▶ Your task
Would you return the lines between the one holding "New 2018 Maserati" and the one holding "尤美剪辑 V1.0.0 安卓版截图1", inclusive, and only those, exactly as they stand in the listing below?

▶ Given records
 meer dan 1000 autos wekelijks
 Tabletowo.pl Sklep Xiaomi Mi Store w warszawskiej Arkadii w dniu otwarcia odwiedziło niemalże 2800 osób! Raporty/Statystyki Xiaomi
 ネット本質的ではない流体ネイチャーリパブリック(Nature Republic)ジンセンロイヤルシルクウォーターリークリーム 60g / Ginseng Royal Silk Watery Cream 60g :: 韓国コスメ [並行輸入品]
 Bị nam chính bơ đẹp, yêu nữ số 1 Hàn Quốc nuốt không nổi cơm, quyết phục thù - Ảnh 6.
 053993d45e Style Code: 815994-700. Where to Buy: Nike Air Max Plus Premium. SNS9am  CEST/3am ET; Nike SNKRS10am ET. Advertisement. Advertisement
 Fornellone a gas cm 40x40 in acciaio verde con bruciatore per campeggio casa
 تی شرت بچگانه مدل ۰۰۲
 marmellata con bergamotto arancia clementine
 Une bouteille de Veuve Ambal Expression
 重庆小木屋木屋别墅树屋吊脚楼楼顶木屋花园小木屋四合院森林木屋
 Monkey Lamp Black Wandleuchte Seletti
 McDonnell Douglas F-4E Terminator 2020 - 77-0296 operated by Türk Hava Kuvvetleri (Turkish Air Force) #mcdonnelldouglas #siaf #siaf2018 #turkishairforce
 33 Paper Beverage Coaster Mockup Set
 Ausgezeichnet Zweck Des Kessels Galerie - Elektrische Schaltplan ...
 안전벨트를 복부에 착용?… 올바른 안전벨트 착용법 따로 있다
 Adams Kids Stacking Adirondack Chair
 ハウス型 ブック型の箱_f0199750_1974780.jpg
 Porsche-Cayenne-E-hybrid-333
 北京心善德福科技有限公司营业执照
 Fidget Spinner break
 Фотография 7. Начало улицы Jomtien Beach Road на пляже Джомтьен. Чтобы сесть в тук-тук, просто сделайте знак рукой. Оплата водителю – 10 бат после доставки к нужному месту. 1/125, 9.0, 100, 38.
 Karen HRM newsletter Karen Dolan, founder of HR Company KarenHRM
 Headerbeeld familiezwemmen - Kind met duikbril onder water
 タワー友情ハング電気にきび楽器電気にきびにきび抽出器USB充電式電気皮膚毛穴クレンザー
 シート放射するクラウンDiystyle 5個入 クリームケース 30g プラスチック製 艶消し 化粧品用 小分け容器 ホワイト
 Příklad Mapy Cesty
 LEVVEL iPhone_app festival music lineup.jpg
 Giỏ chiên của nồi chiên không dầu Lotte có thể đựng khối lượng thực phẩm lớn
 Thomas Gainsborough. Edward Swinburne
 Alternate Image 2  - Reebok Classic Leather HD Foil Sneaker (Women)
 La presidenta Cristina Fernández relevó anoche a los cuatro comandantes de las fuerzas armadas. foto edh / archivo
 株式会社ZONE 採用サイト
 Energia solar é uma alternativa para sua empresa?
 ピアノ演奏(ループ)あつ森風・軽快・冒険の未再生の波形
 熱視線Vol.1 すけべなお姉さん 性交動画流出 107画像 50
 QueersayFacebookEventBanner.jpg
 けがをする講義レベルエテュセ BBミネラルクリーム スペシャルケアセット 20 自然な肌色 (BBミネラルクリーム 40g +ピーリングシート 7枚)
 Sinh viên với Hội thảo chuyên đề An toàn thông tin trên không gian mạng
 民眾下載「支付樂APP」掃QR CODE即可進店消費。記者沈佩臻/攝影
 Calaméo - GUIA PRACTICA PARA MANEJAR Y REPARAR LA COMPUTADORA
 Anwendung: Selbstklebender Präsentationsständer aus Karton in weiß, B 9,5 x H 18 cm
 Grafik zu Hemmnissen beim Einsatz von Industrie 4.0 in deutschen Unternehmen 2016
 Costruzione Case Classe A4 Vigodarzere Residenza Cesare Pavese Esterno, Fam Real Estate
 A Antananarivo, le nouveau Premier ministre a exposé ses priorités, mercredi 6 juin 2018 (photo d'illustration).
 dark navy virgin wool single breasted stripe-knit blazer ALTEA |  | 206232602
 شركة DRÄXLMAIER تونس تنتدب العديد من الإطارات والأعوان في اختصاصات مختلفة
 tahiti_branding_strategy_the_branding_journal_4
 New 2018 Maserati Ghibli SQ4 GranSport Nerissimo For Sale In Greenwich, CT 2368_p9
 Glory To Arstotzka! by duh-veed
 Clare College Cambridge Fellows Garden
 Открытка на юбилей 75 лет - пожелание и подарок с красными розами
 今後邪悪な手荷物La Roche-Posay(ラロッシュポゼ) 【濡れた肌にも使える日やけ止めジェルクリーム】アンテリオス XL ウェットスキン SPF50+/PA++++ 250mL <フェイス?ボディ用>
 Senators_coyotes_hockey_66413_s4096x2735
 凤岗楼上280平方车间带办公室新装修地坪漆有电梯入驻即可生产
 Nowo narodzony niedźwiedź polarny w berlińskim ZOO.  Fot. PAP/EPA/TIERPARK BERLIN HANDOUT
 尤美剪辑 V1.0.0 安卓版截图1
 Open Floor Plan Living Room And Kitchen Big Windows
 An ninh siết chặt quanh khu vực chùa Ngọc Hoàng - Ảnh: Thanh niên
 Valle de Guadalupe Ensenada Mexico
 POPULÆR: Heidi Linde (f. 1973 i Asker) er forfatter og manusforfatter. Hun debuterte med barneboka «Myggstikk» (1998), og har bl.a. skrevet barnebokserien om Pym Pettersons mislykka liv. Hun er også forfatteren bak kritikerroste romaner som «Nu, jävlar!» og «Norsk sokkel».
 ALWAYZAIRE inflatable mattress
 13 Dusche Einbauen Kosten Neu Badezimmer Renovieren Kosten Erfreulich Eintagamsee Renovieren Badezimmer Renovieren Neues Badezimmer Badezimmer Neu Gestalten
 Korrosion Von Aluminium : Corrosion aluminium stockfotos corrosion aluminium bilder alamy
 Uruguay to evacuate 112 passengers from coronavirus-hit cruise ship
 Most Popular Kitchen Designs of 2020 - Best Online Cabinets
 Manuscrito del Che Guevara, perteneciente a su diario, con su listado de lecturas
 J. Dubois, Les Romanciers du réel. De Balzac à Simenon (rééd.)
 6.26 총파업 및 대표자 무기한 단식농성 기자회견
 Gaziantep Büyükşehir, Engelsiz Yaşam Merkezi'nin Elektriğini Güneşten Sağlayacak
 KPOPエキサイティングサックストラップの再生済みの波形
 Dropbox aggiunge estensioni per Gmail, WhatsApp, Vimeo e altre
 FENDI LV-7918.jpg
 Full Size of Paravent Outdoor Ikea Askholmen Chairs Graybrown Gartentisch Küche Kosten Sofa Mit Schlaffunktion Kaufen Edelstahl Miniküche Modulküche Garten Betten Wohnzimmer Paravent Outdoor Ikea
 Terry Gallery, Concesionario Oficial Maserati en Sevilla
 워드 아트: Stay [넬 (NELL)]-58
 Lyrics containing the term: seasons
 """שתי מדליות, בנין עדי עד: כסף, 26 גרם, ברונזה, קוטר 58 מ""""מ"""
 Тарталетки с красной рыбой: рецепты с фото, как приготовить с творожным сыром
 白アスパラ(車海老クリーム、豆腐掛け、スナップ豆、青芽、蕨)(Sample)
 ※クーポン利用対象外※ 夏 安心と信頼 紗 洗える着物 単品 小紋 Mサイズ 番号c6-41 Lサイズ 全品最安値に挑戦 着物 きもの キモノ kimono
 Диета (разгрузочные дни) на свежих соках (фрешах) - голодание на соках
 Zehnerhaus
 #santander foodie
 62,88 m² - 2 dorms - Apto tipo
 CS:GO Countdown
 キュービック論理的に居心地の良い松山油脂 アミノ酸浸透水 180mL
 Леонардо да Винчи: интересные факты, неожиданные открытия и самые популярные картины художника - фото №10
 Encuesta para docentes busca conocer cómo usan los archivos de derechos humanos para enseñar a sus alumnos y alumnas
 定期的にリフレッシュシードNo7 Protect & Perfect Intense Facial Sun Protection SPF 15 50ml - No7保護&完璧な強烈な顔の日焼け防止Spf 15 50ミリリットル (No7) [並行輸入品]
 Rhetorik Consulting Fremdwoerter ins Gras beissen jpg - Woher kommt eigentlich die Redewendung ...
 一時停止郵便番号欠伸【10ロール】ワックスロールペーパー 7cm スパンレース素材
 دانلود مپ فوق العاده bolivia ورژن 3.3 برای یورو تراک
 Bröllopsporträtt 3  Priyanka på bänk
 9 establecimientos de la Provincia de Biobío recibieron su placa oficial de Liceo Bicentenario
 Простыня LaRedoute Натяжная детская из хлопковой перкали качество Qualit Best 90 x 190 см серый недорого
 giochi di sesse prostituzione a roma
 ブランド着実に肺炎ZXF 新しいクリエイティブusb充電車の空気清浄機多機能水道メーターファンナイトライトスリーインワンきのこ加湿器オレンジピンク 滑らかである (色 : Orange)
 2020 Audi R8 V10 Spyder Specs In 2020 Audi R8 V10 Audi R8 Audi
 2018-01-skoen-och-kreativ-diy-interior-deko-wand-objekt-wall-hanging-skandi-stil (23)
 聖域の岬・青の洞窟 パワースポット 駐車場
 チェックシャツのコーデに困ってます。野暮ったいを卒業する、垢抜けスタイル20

▶ Response to this task
 New 2018 Maserati Ghibli SQ4 GranSport Nerissimo For Sale In Greenwich, CT 2368_p9
 Glory To Arstotzka! by duh-veed
 Clare College Cambridge Fellows Garden
 Открытка на юбилей 75 лет - пожелание и подарок с красными розами
 今後邪悪な手荷物La Roche-Posay(ラロッシュポゼ) 【濡れた肌にも使える日やけ止めジェルクリーム】アンテリオス XL ウェットスキン SPF50+/PA++++ 250mL <フェイス?ボディ用>
 Senators_coyotes_hockey_66413_s4096x2735
 凤岗楼上280平方车间带办公室新装修地坪漆有电梯入驻即可生产
 Nowo narodzony niedźwiedź polarny w berlińskim ZOO.  Fot. PAP/EPA/TIERPARK BERLIN HANDOUT
 尤美剪辑 V1.0.0 安卓版截图1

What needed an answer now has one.